Truth is, when you buy a new home you may or may not have good neighbors, the parks may or may not be built, the commercial buildings may or may not be built, the schools may or may not get funding, the builder may or may not sell all of the units before going bankrupt.

It seems like a lot of risk, when you can just as easily buy a home with established neighborhoods, parks, shopping, schools and infrastructure.

Then again, you won't get an 8,000 sqft home on a .10 acre lot guilded in granite countertops and stainless steel appliances.

Gwynster said...

HOA and mello Roos are deal killers. I will only look at existing homes because I know that HOA fees are often subject to "revision". Anyone who bought condos in the late 80's is going to be familiar with this.

Rob Dawg said...

The saying goes, "Location, Location, Location". The fact is with new homes the location is unproven and has numerous unknowns associated with it.

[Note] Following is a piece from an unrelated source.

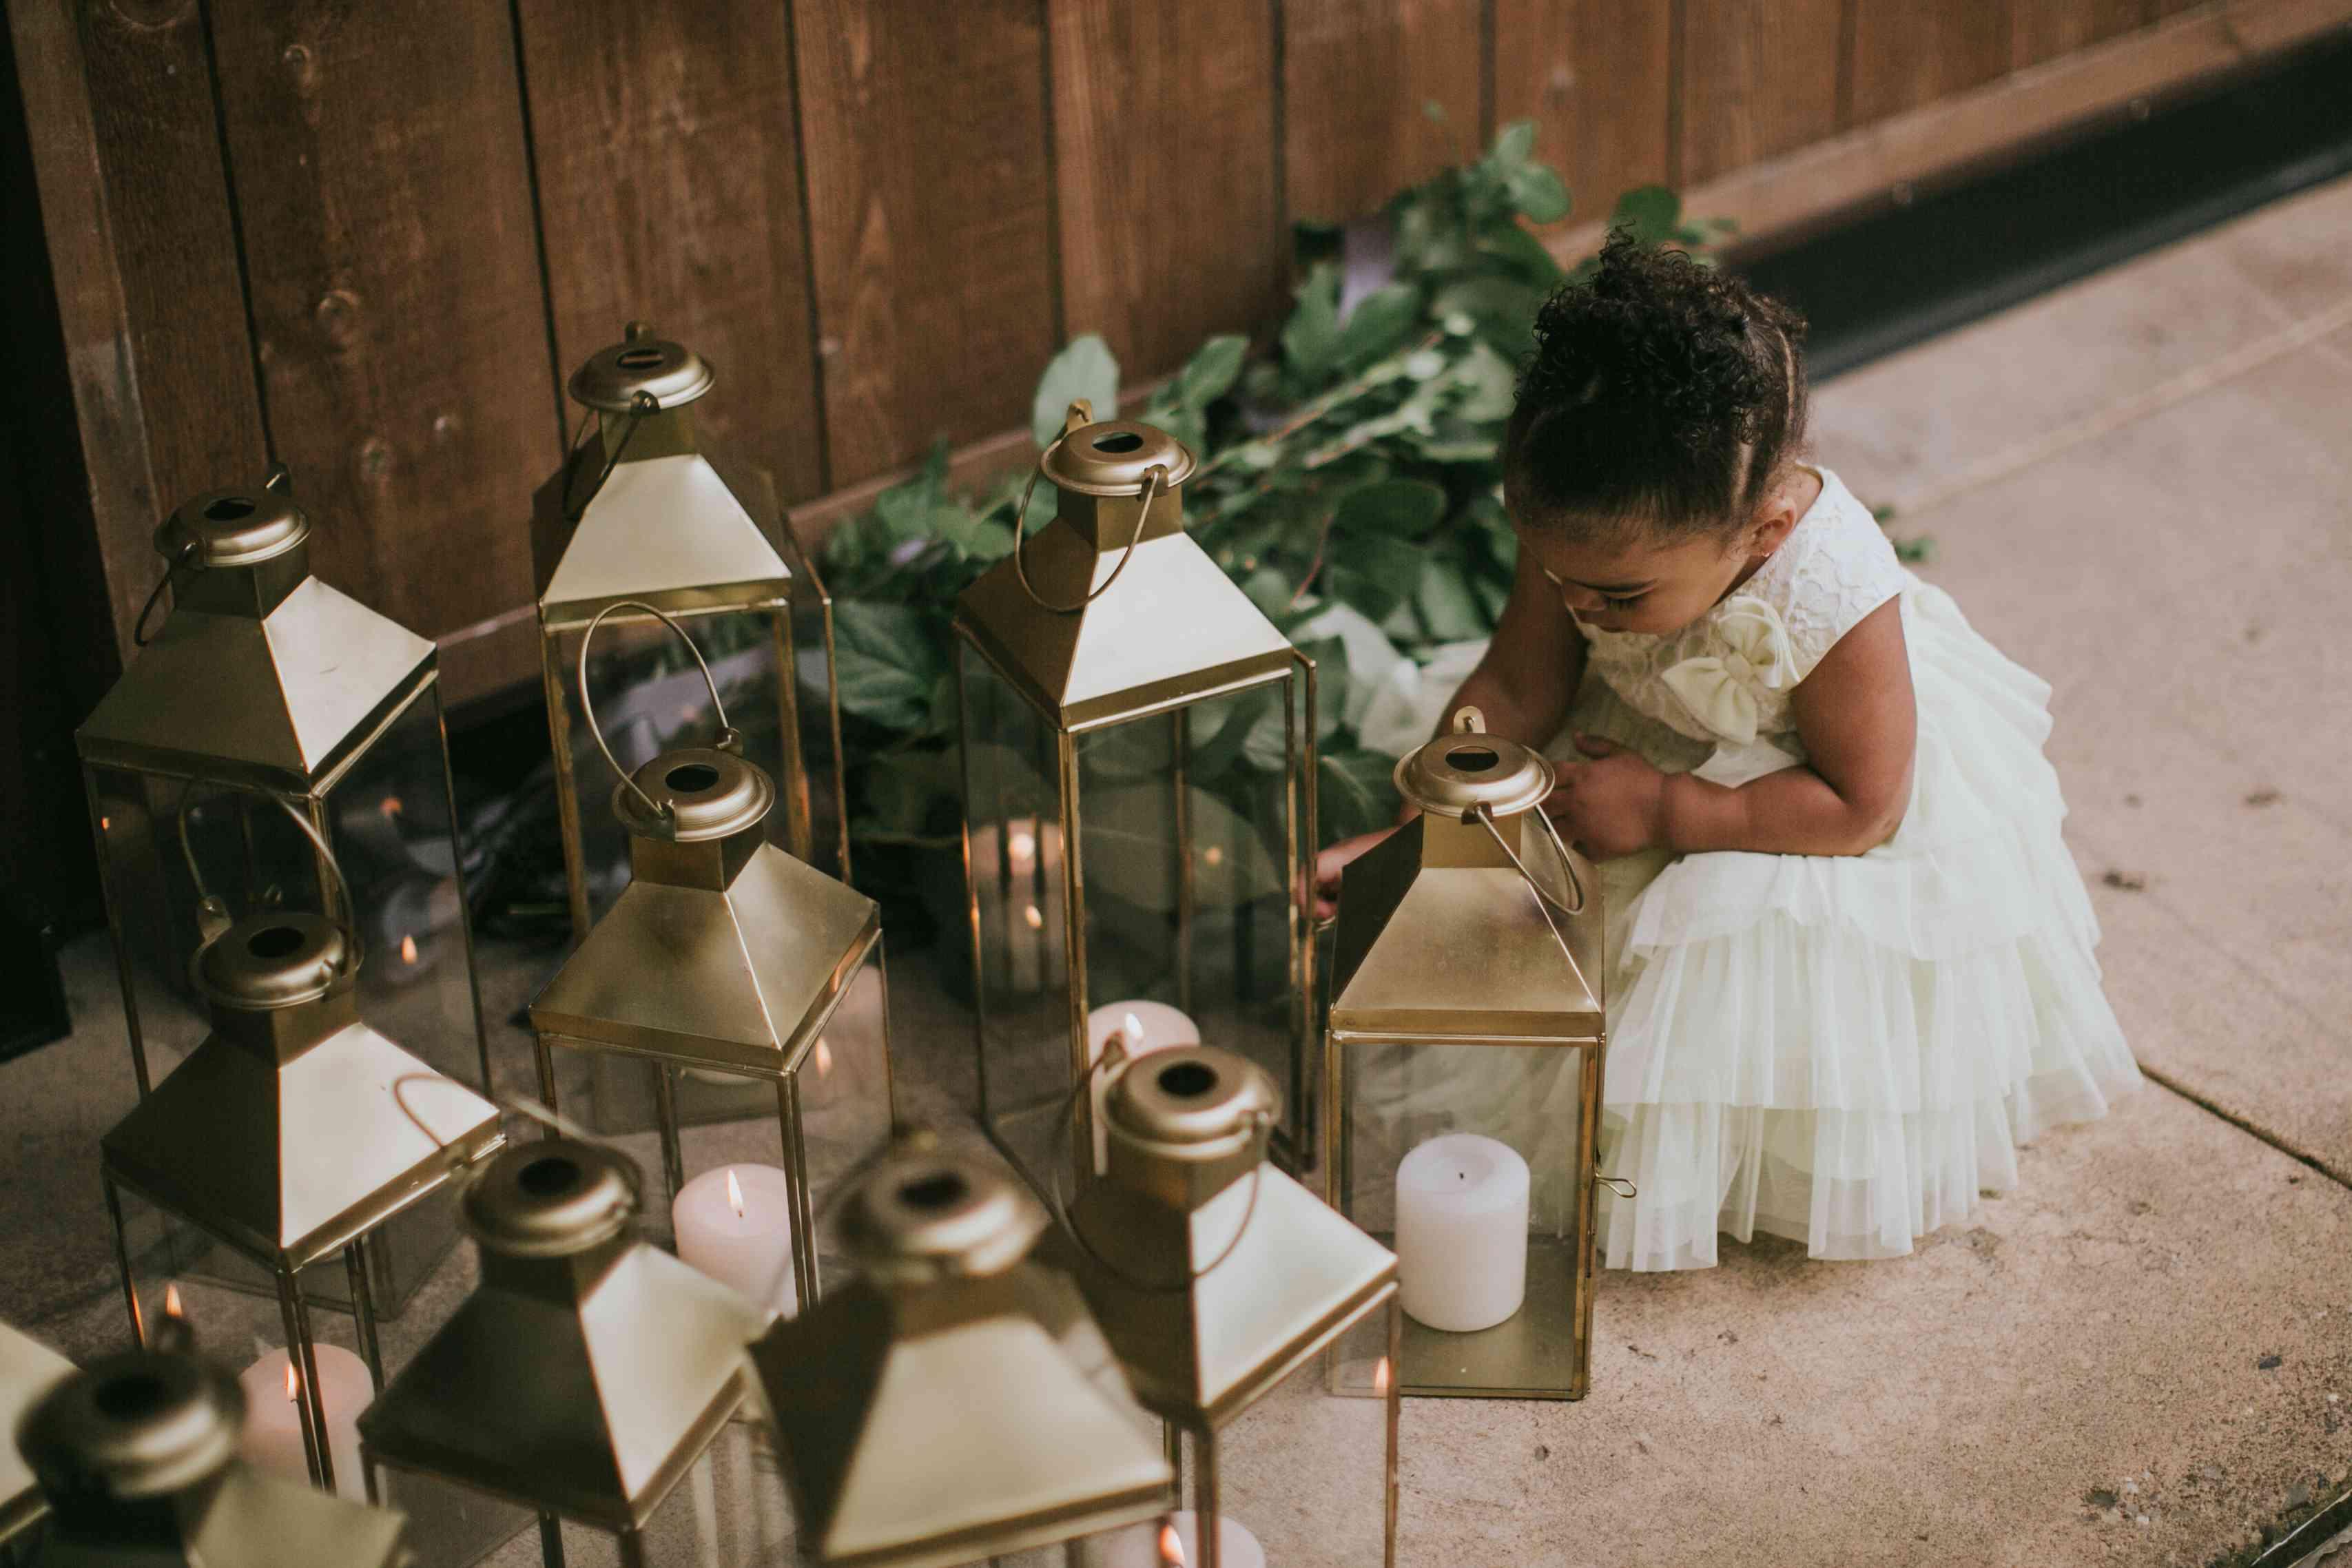 Flower girl by lanterns

You underestimate. Let's face it. After a dozen years of buying the best land and next best land and... by now the new houses are in the sh¡tiest places. Have you checked out the UC Merced south tracts? GMAFB. Locally at least half the recent housing is in a flood plain.

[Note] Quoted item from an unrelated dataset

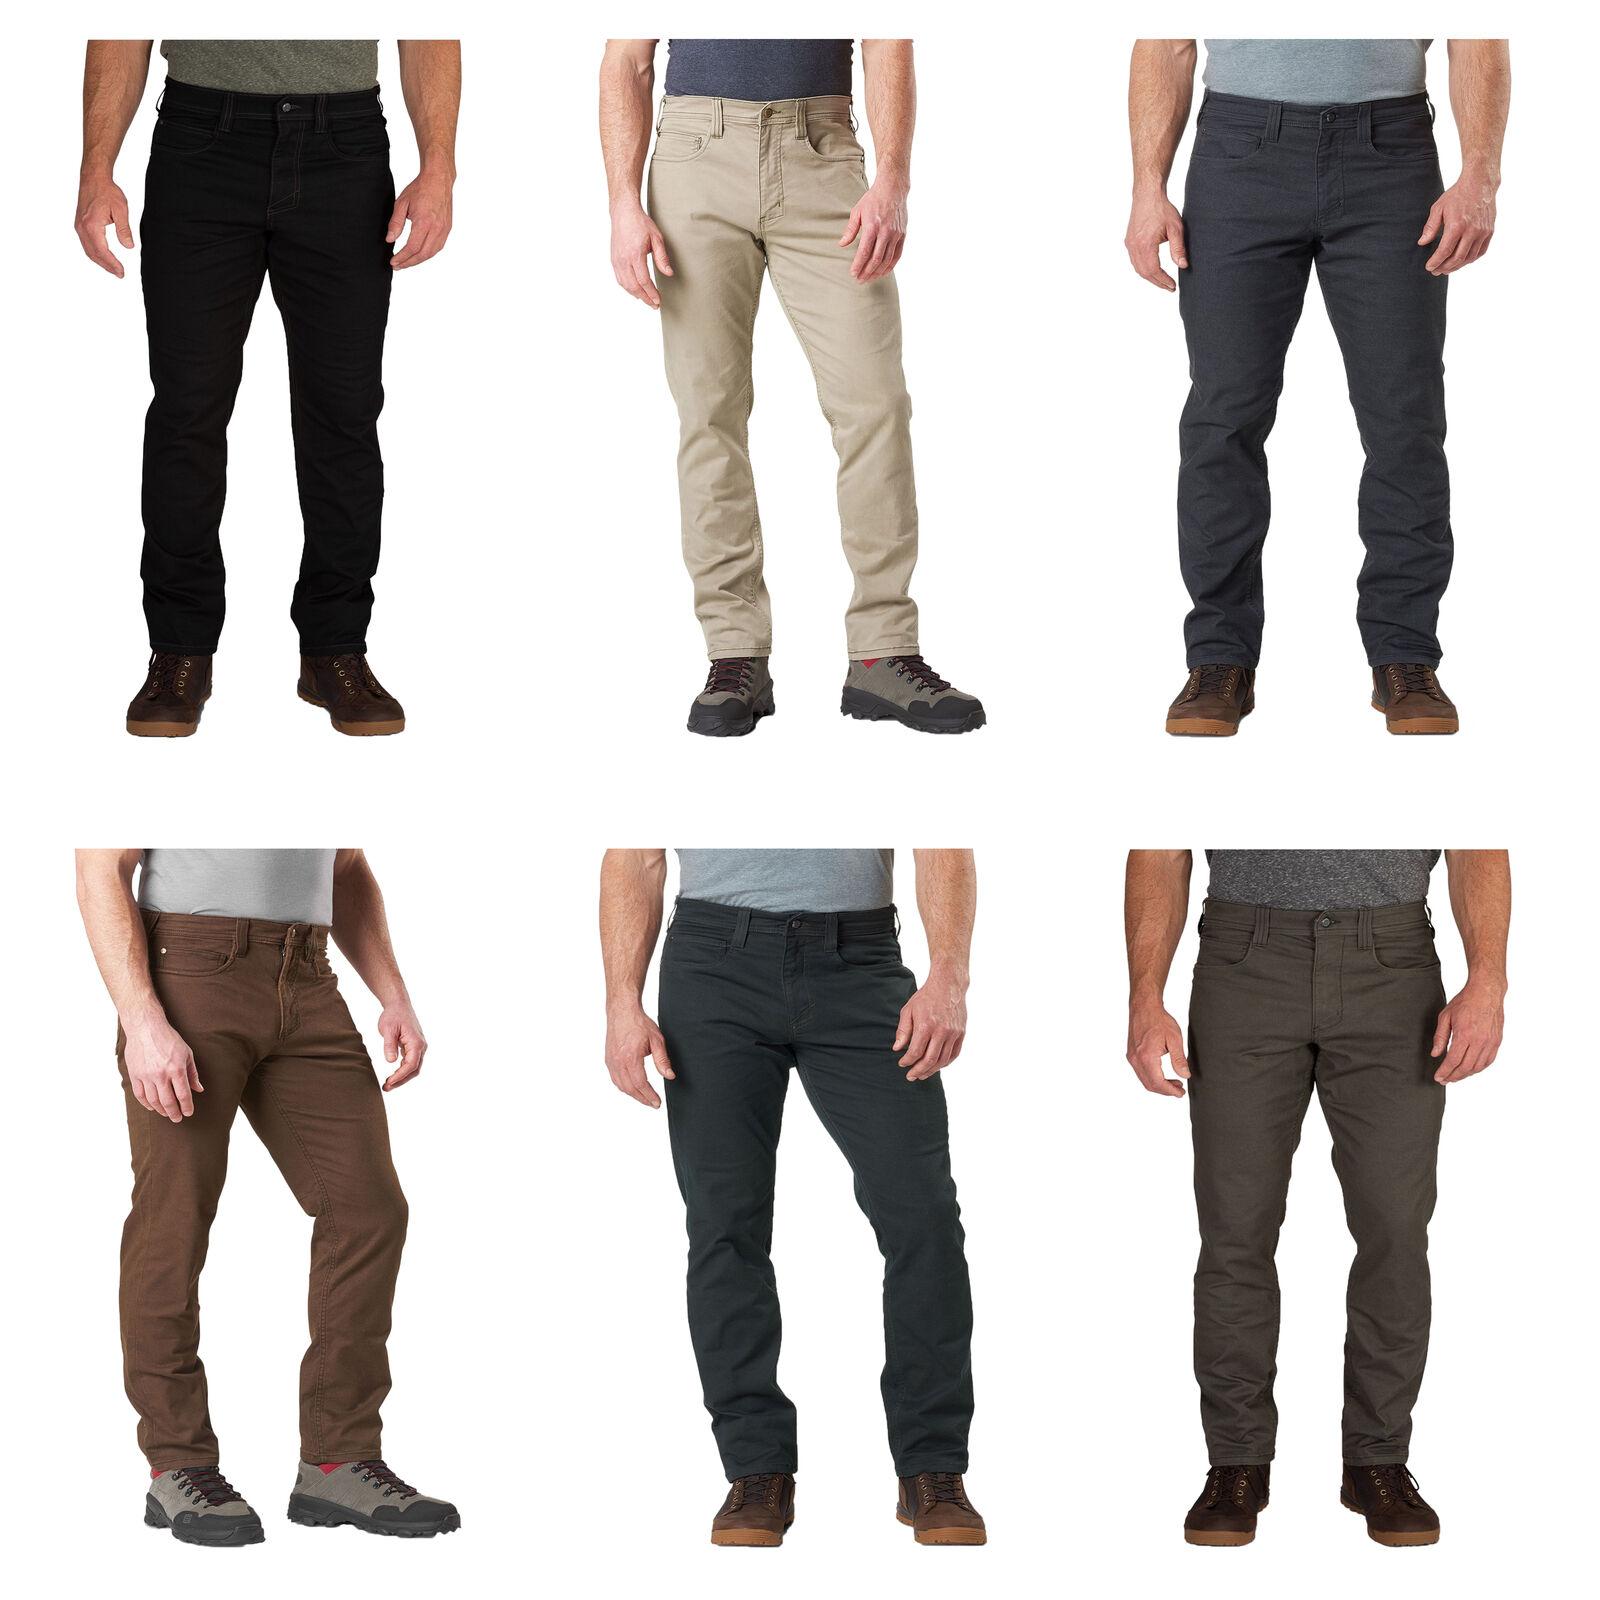 5.11 Tactical Men's Defender-Flex Slim Pant Style 74464 Waist 28-40 Inseam 28-32

I am reminded of my very very earliest real estate education. Visiting my parent's friend on the Gulf coast of Florida in the mid 60s when I was 5-6 years old. I asked my dad why all the houses were together up from the pier and they were all old and he explained that there were houses and they were newer on some of the empty lots, just not anymore.

Rob Dawg said...

HOA and mello Roos are deal killers. I will only look at existing homes because I know that HOA fees are often subject to "revision".

Gwynie, don't be so fast. Mello-Roos in mature communities nearing the end of the term can be an opportunity. That's 15 years old houses at the start of the great rip-off of Mello-Roos but still don't throw out a baby with the pooy diaper.

norcaljeff said...

Buying a fully loaded home with a warranty at 30% or more less than an existing home in a good part of town is hardly risky. And compare that to a home with no upgrades, dog hair, problems, out of date kitches/appliances, etc. But considering an agents' commission is about 90% less on a new homes v. existing (old) I can see why you are against that.

Patrick Hake said...


Do you even read a post before you respond to it?

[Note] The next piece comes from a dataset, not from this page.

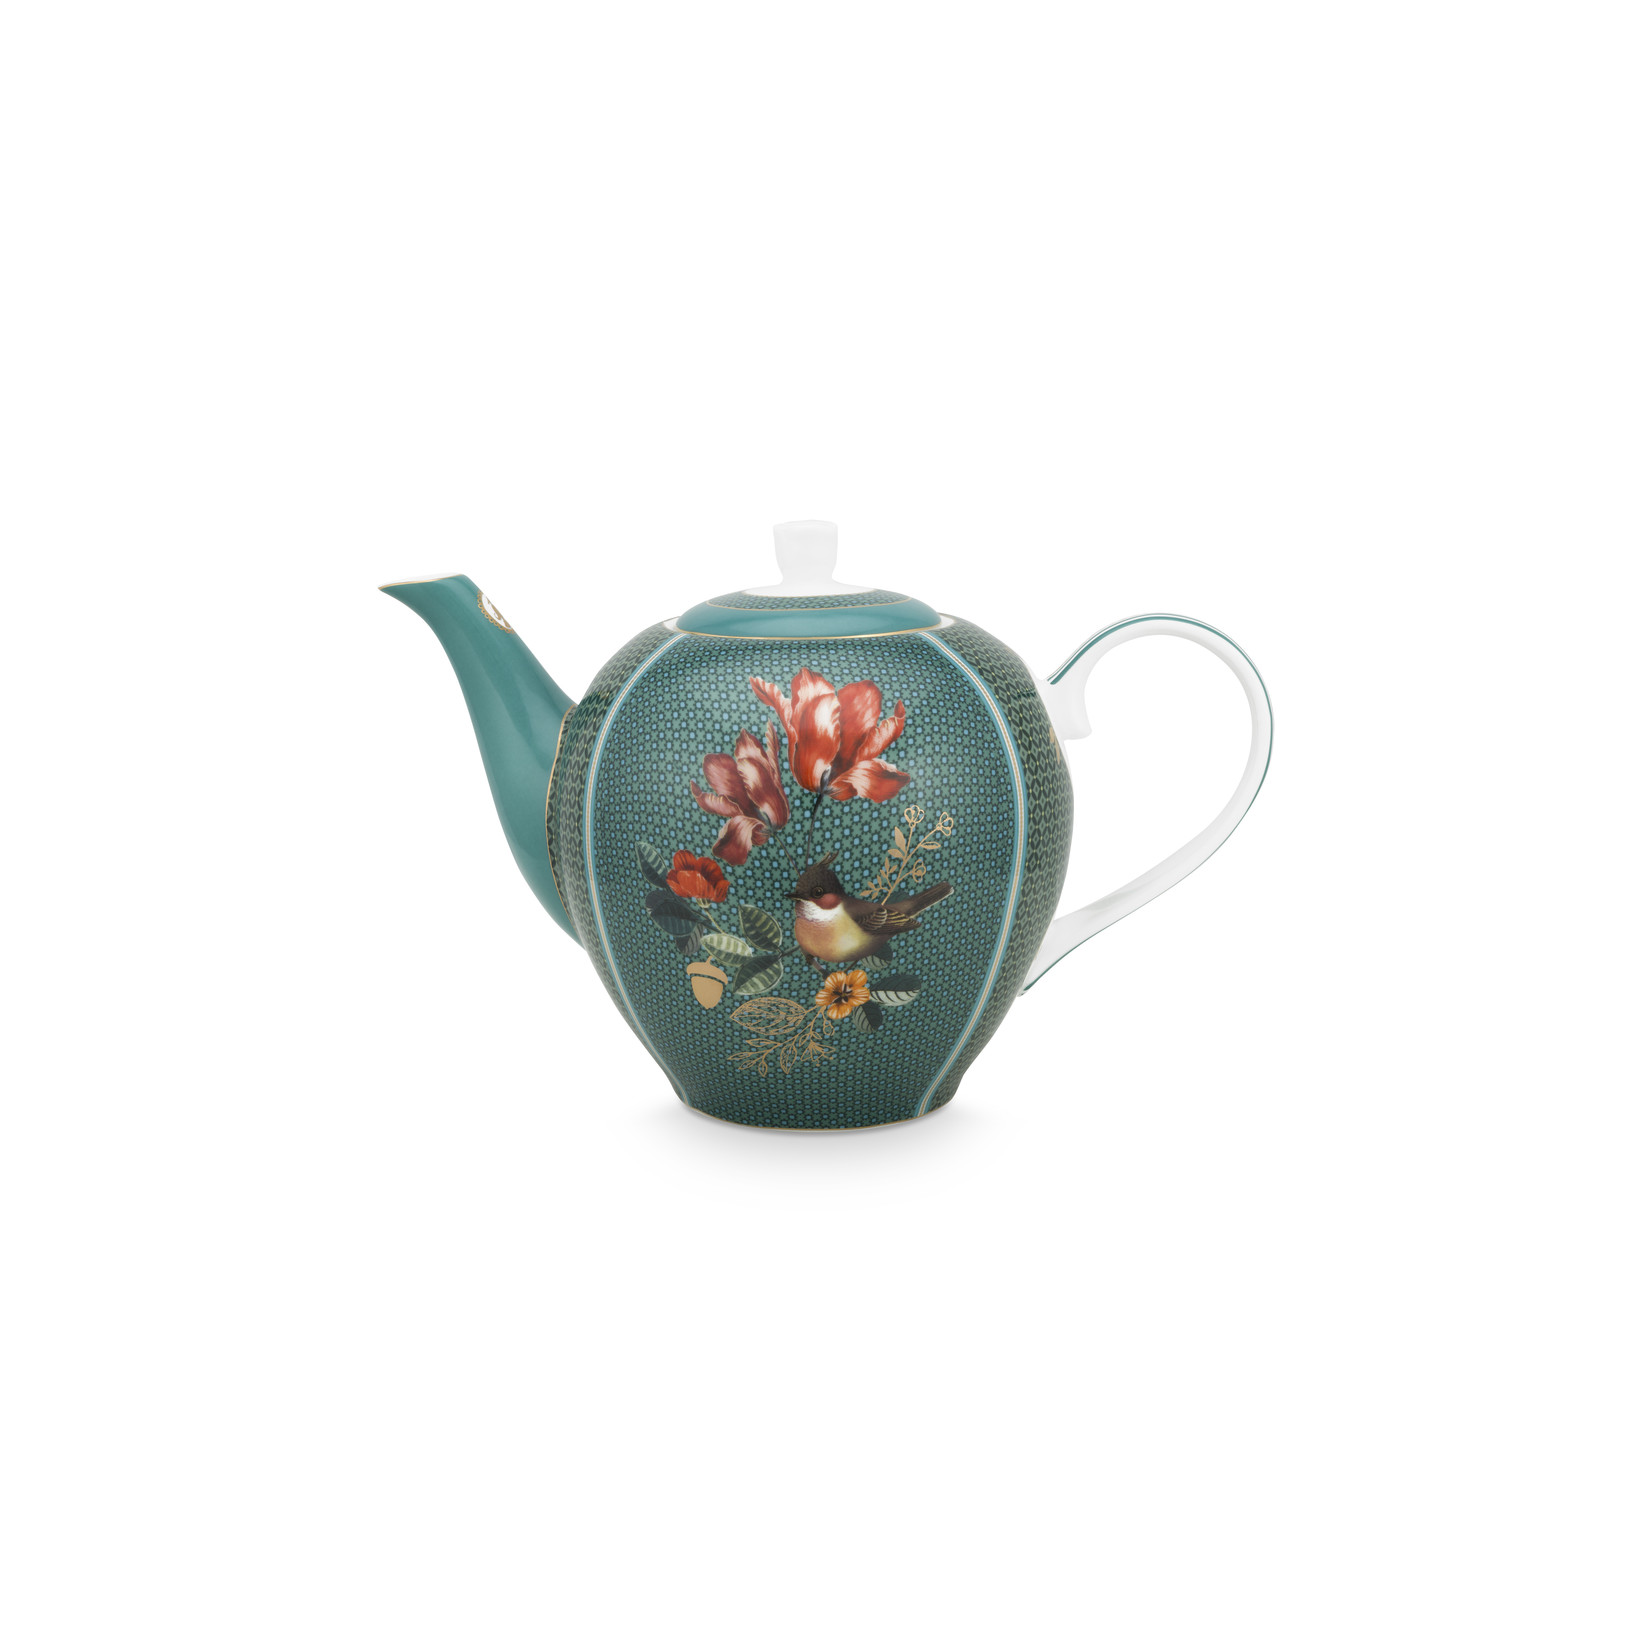 PIP Studio Tea Pot Large Winter Wonderland Squirrel Green 1.6ltr

My words exactly in the first paragraph of my comment: "unless they were receiving a large discount in price."

At the right price any home is a good deal.

If the assumption for your argument is that you can buy "a fully loaded home with a warranty at 30% or more less than an existing home in a good part of town", you are right.

Keep in mind, the 30% discount is probably from what the builder was originally asking not the market rate, the upgrades will be outdated in 5 years, the warranty is only good if the builder hasn't gone bankrupt and if the track is in a good part of town, it is probably on the outskirts of that part of town, because the best building locations have already been taken. Oh, and the lot is probably 1/2 the size of the other homes in the area, because developers make their money by selling people 1/2 the real estate for double the price.

If you can find a new home for 30% less than the market rate in the heart of an established neighborhood, by all means jump on it.

P.S. Most builders offer cooperating commissions on par with the resale market. Many offer above market rates.

Gwynster said...

I'd consider a new home if there was no MR or HOA. I like that their are now set commissions on new homes. The trade off is those additional fees - no thanks.

In the end, it comes to price per sqft for me, both lot and building.
Everything else is just a means to negoticate the price down **evil grin**

norcaljeff said...

PH, new homes still are better values, might not get the 200 year old oak tree but....
From what I hear, broker/agents get about $2-3K on a new home, was almost zero in the hayday, but on a $400K home you're talking $24K, that's quite a spread economically.